Nous avons besoin de la plus grande fermeté idéologique, de la pensée révolutionnaire la plus aiguisée et la plus claire, non pas pour nous isoler nous‑mêmes des organisations de masse existantes, de façon sectaire, mais plutôt pour travailler effectivement en leur sein sans perdre de vue nos perspectives.

Dans le monde entier, la jeunesse social‑démocrate entre en conflit avec les vieux bonzes des partis et des syndicats. Là où les représentants de la IV° Internationale prennent une attitude négative, sectaire, pure, vis‑à‑vis d'elle, la jeunesse réformiste qui essaie d'aller à gauche tombe sous l'influence du stalinisme. Au contraire, quand nos camarades ne se satisfont pas d'admirer leur propre pureté, mais trouvent leur place dans les organisations de masse, là, la jeunesse qui va à gauche trouve le contact avec l'anti‑stalinisme, c'est‑à‑dire le marxisme.

En Espagne, où notre section suit une ligne politique misérable, la jeunesse, qui commençait seulement à s'intéresser à la IV° Internationale, a été livrée aux staliniens [4]. En Angleterre, où nos camarades ont été lents à intervenir, les staliniens sont devenus la force principale dans la jeunesse du Labour Party, et nous sommes au second rang [5]. En Belgique, nos camarades ont gagné une partie importante de la jeunesse, ont la majorité en opposition au stalinisme et, ce faisant, se sont ouverts de nouveaux champs d'action [6]. A Bruxelles, cependant, où Vereeken et son groupe sont restés sur la touche, la gauche du parti ouvrier belge ainsi que la jeunesse sont tombées sous l'influence des staliniens. En Amérique, où nos camarades ont appliqué une ligne politique très correcte, ils ont déjà gagné une fraction importante de la jeunesse social‑démocrate [7]. Quiconque refuse de reconnaître ces faits est voué à ne commettre que des erreurs.

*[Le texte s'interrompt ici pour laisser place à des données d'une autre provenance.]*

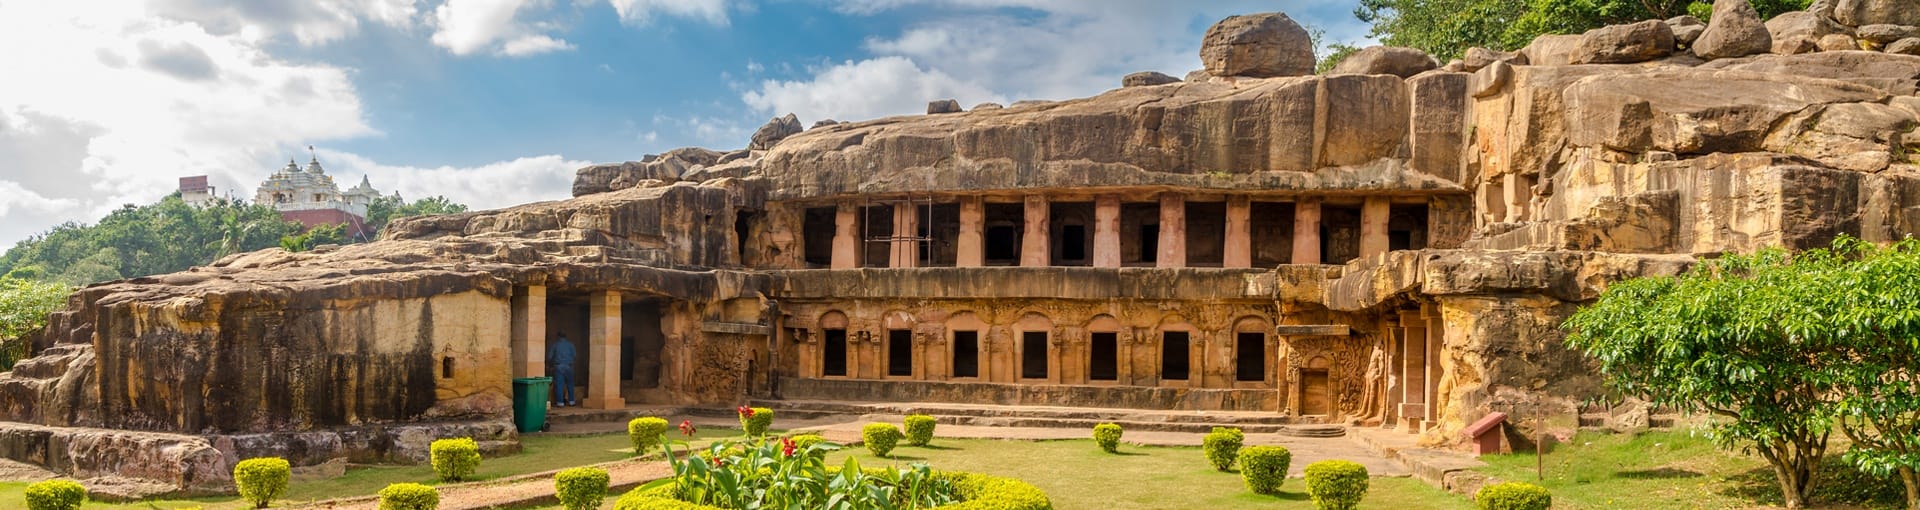 rani-gumpha-caves-of-udayagiri-bhubaneswar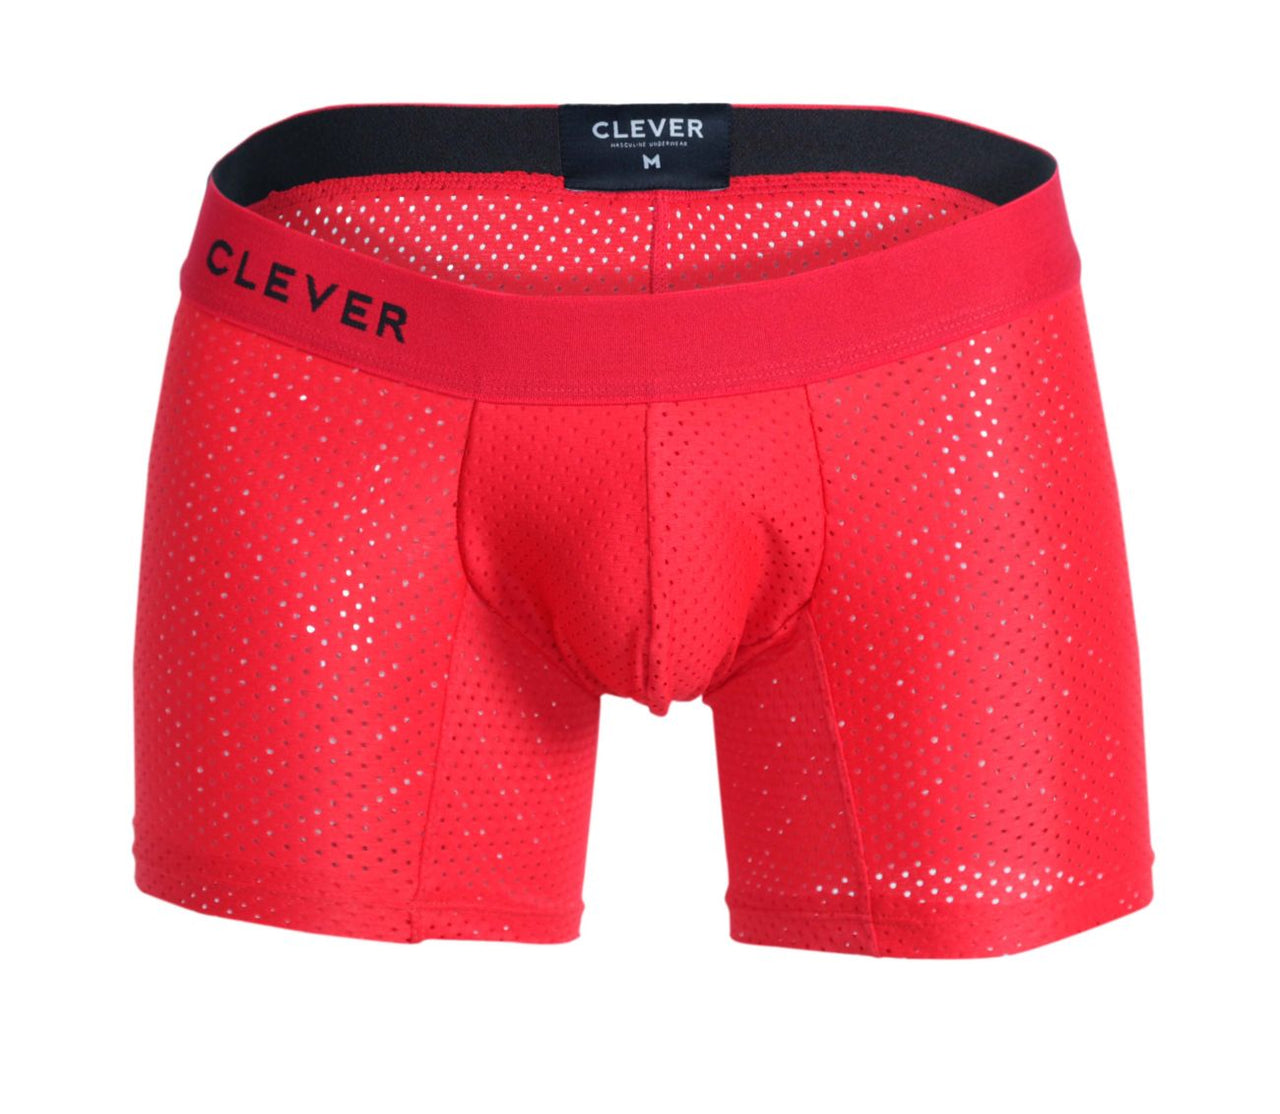 Clever 1260 Euphoria Boxer Briefs Color Red - Pikante Underwear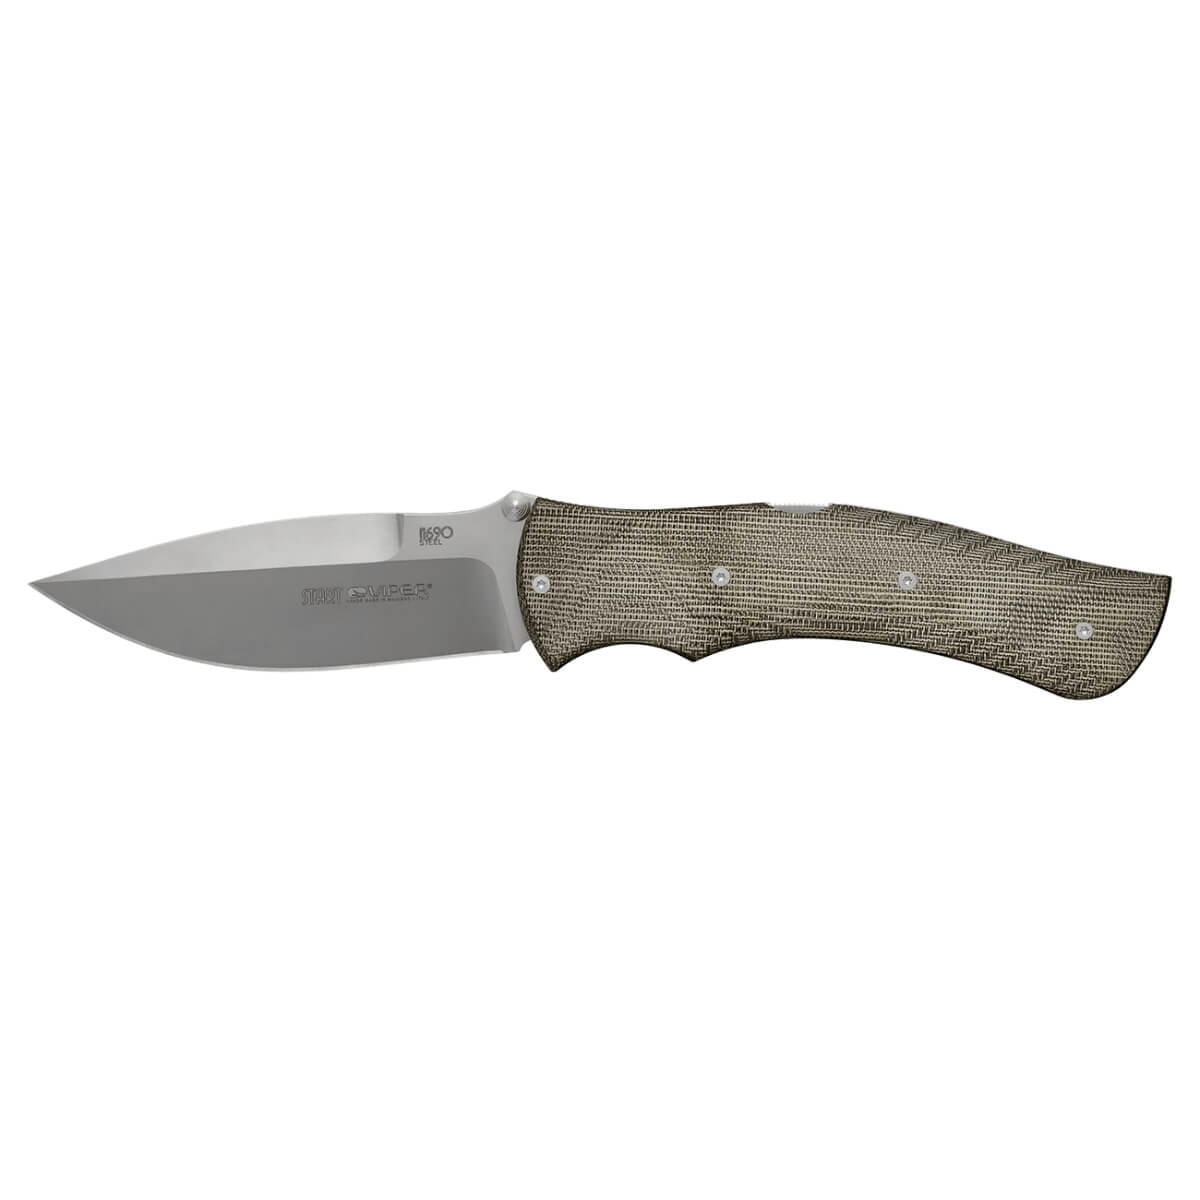 Viper Start CV Folding Knife | Canvas Micarta | Bohler N690Co Steel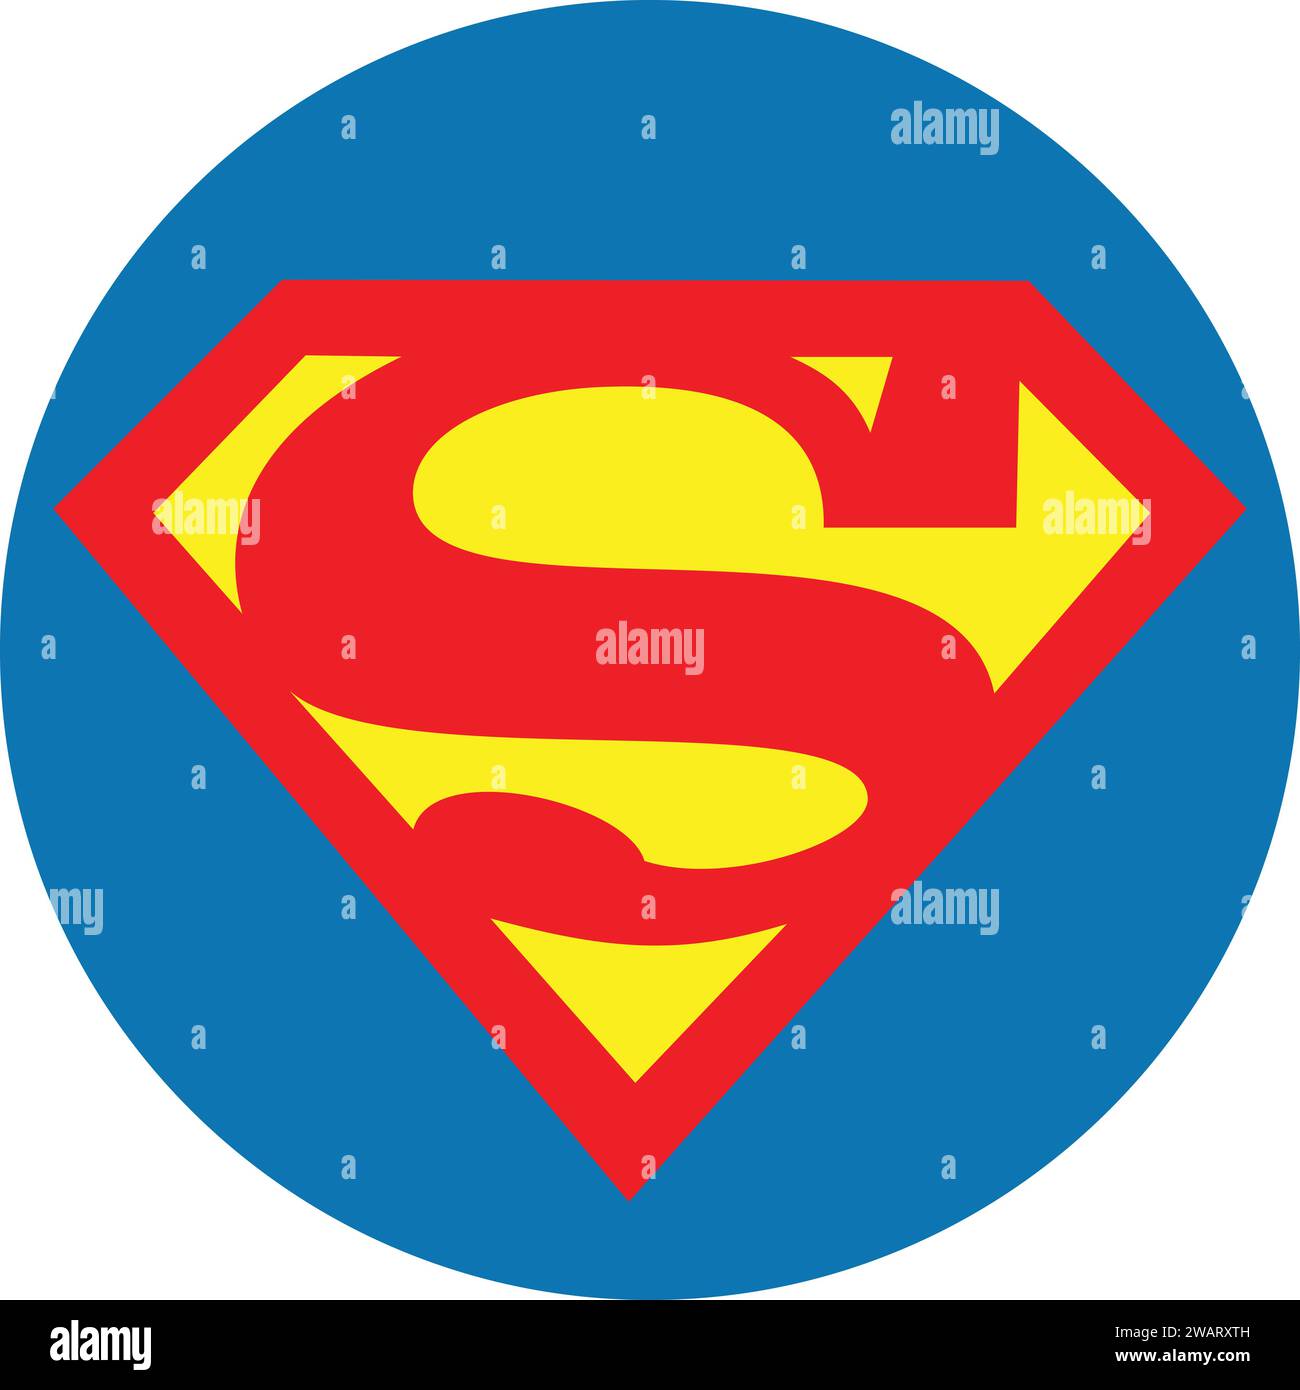 Superman logo | Superman icon, symbol of power hero super man | t shirt costume print logo printed Stock Vector

Ce que vous dites, chère camarade, à propos du parti américain, repose sur une information erronée. Nos camarades sont déjà dans les organisations socialistes. Seule la direction n'y est pu encore entrée, pour des raisons de tactique. Et il est possible que ce soit déjà fait maintenant. Nos camarades américains ont pris une initiative très courageuse. Ils sont si décidés et sûrs d'eux‑mêmes qu'ils considèrent l'avenir avec la plus grande confiance, et que même les plus acharnés adversaires (de l'entrée) ont entrepris dans l'enthousiasme de travailler dans le parti socialiste. Tous espèrent que nos idées vont conquérir non une minorité, mais la majorité du parti socialiste. Naturellement, d'ici, je ne puis me former une opinion indépendante, mais je connais suffisamment nos camarades américains et j'ai en eux une confiance totale, surtout maintenant qu'ils ont réalisé l'entrée avec autant de décision et d'unanimité. Nos camarades hollandais feraient mieux de moins critiquer l'expérience américaine et de chercher à en apprendre plus de façon à pouvoir l'adapter aux conditions de leur propre pays [8].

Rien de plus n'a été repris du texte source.